▶ _Exercise details_
Pictures are not part of the copy. Set down exactly the lines from the one containing "พ่อคว้าปืนยิงหมูป่าพลาดโดนลูกเสียชีวิต" through the last line of the material below.

Top of Data block

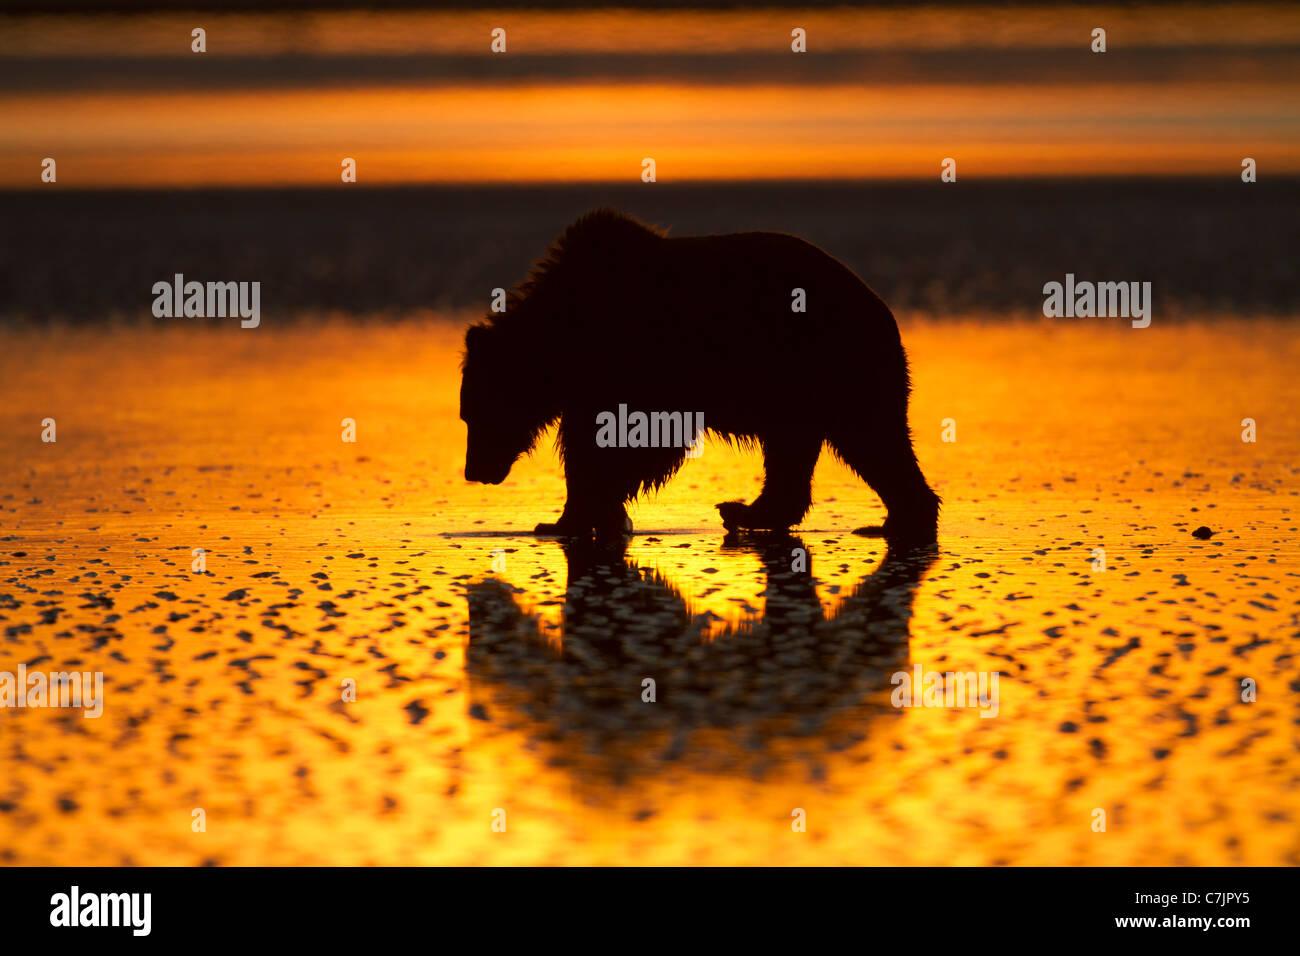 Braun / Grizzly Bär auf der Suche nach Muscheln bei Sonnenaufgang, Lake-Clark-Nationalpark, Alaska. Stockbild
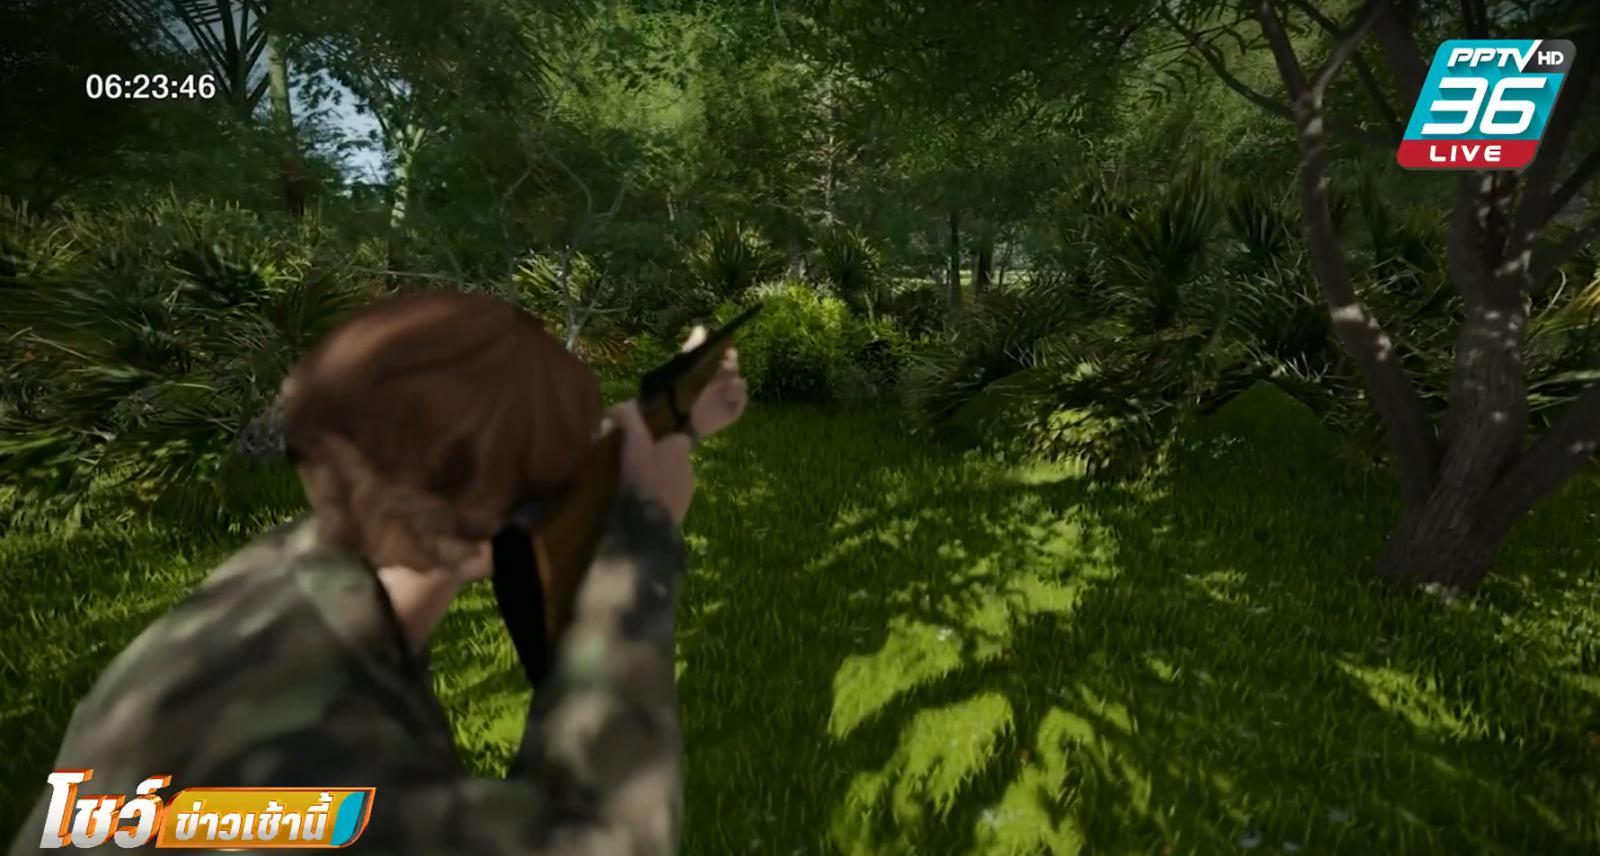 พ่อคว้าปืนยิงหมูป่าพลาดโดนลูกเสียชีวิต
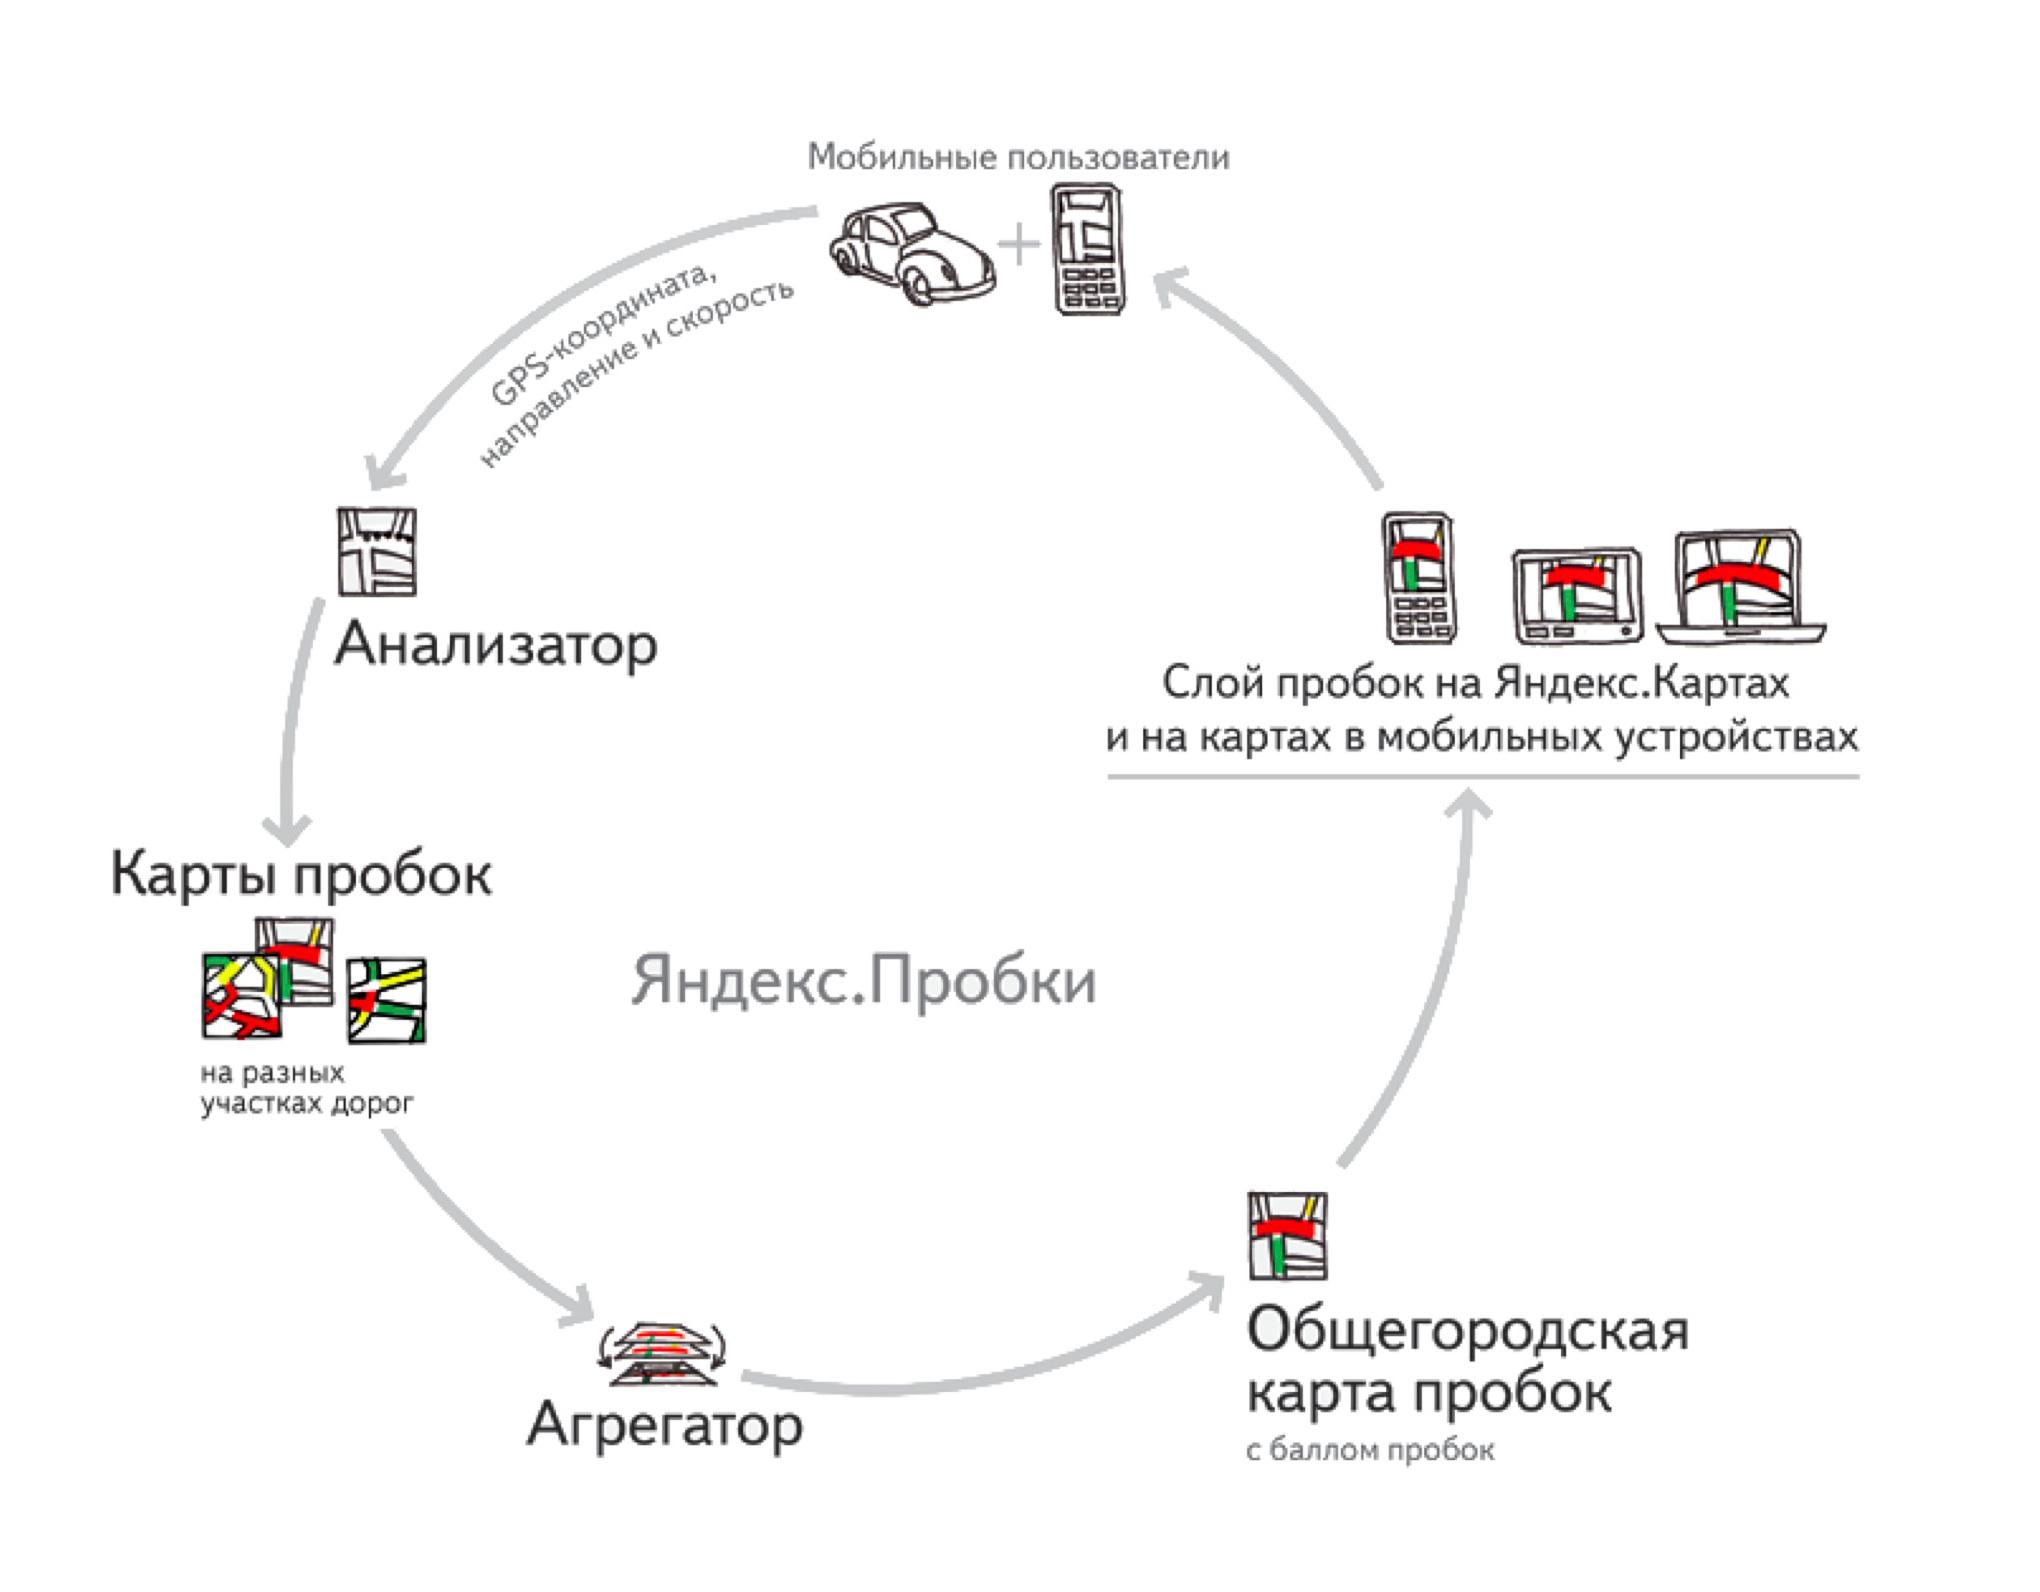 Как устроены Яндекс.Карты. Лекция Владимира Зайцева в Яндексе

Bottom of Data block

▶ _Worked solution_
 พ่อคว้าปืนยิงหมูป่าพลาดโดนลูกเสียชีวิต
 Как устроены Яндекс.Карты. Лекция Владимира Зайцева в Яндексе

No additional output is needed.